The situation highlights a fundamental challenge facing the smartphone industry in the age of artificial intelligence. As AI capabilities become increasingly central to device differentiation and consumer expectations, the demand for specialized memory components will likely continue to intensify. Manufacturers must now compete not only with each other for consumers but also with the broader AI industry for access to limited supplies of critical components. This competition occurs in a market where manufacturing capacity for advanced memory components cannot be rapidly expanded, creating supply constraints that could persist for months or even years.
Samsung's potential loss would be particularly significant given the company's long history of profitability in the mobile sector. The company has successfully navigated multiple industry disruptions, economic crises, and competitive challenges while maintaining profitable smartphone operations. A loss in this division would represent not merely a financial setback but a symbolic moment—an acknowledgment that even market leaders cannot guarantee profitability when facing unprecedented cost pressures. This potential outcome serves as a cautionary tale for the entire technology industry about the unintended consequences of rapid technological shifts and the concentration of critical resources among a limited number of suppliers.
Looking forward, Samsung and other smartphone manufacturers face difficult strategic decisions. They must determine whether to absorb increased component costs and sacrifice profitability, attempt to pass costs along to consumers through higher prices at the risk of reduced demand, or find alternative ways to reduce manufacturing expenses and improve operational efficiency. None of these options are particularly attractive, and each carries significant risks.
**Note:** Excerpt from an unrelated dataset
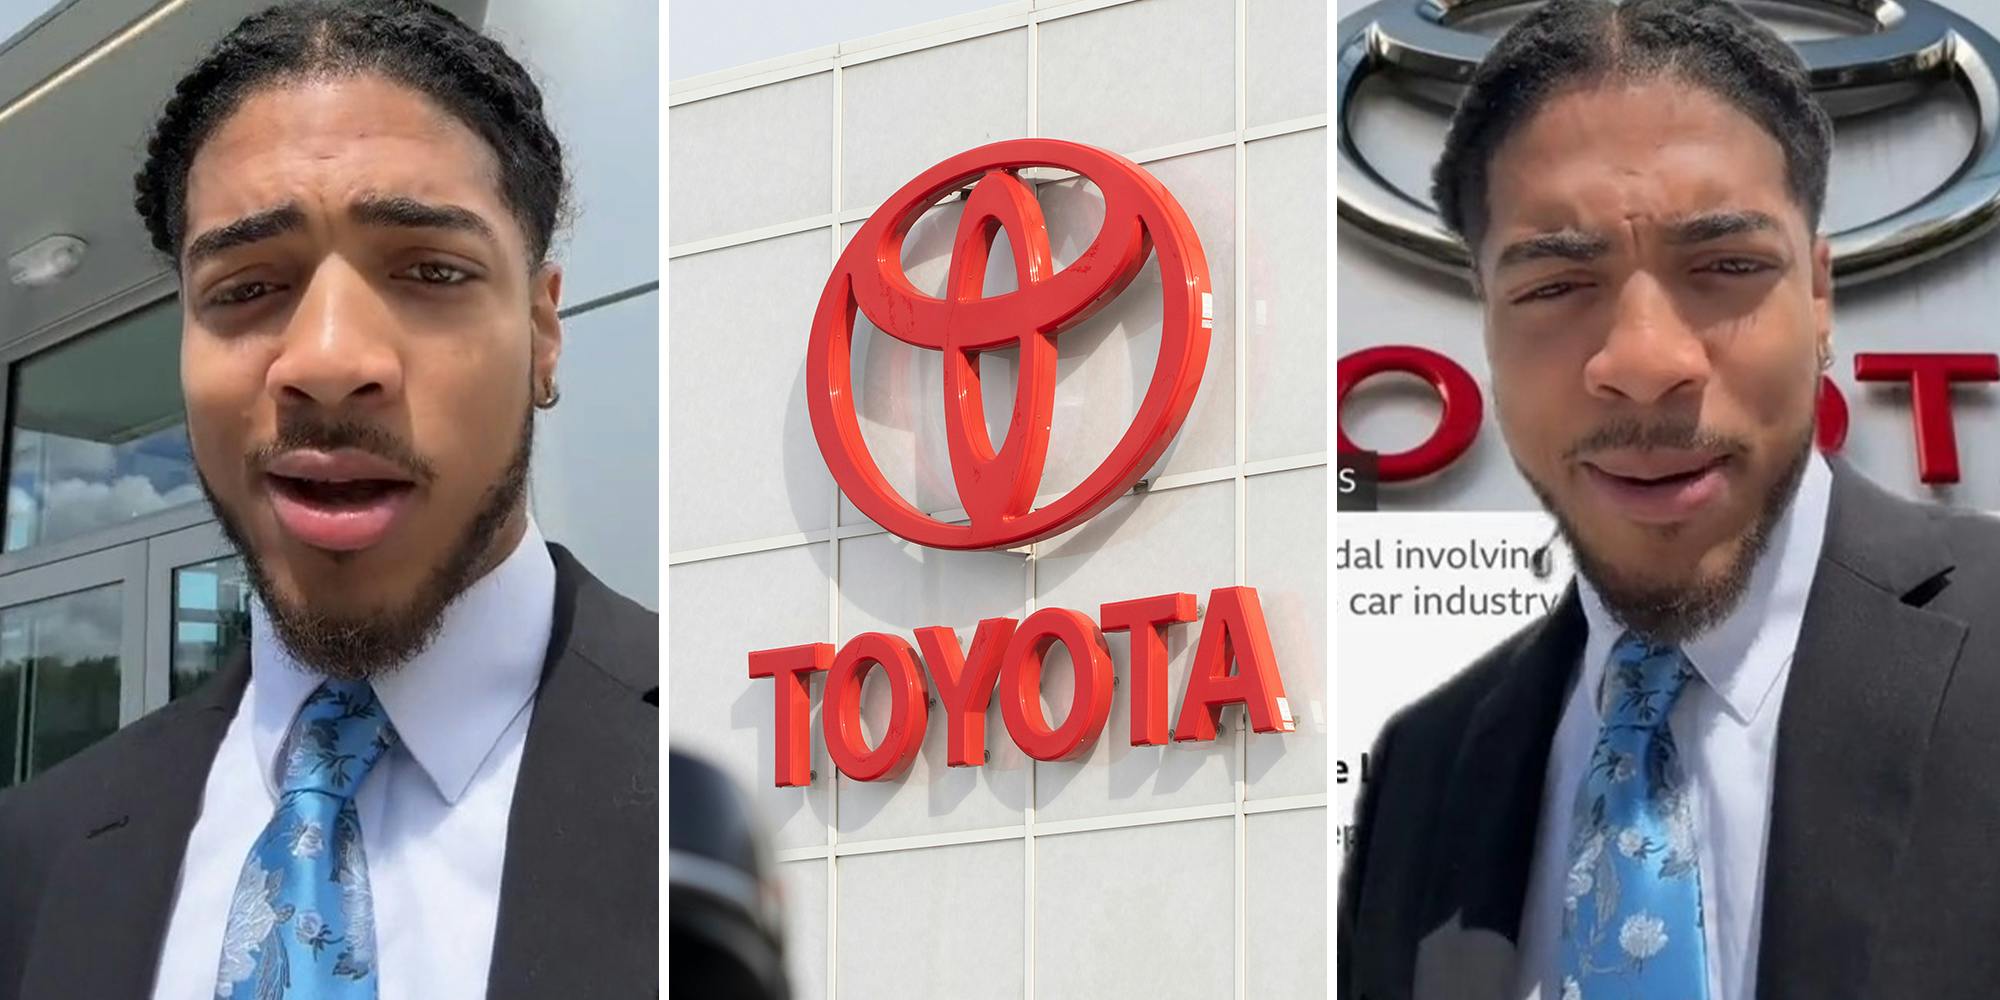 Perché sono stati perquisiti gli uffici della Toyota e non quelli della Honda o della Mazda?

The smartphone market, which has been among the most profitable segments of the technology industry for the past fifteen years, may be entering a new era characterized by tighter margins and fiercer competition for both consumer market share and access to critical components.
The broader implications of Samsung's potential losses extend beyond the company itself. The situation underscores how interconnected modern technology markets have become and how demand from one sector—in this case, artificial intelligence—can dramatically impact supply chains and profitability across other industries. As the AI industry continues to grow and mature, these types of resource conflicts may become increasingly common. Companies across the technology sector will need to develop new strategies for securing access to critical components and managing costs in an environment where demand far exceeds available supply, fundamentally reshaping how the industry operates and how profits are distributed among different segments of the technology market.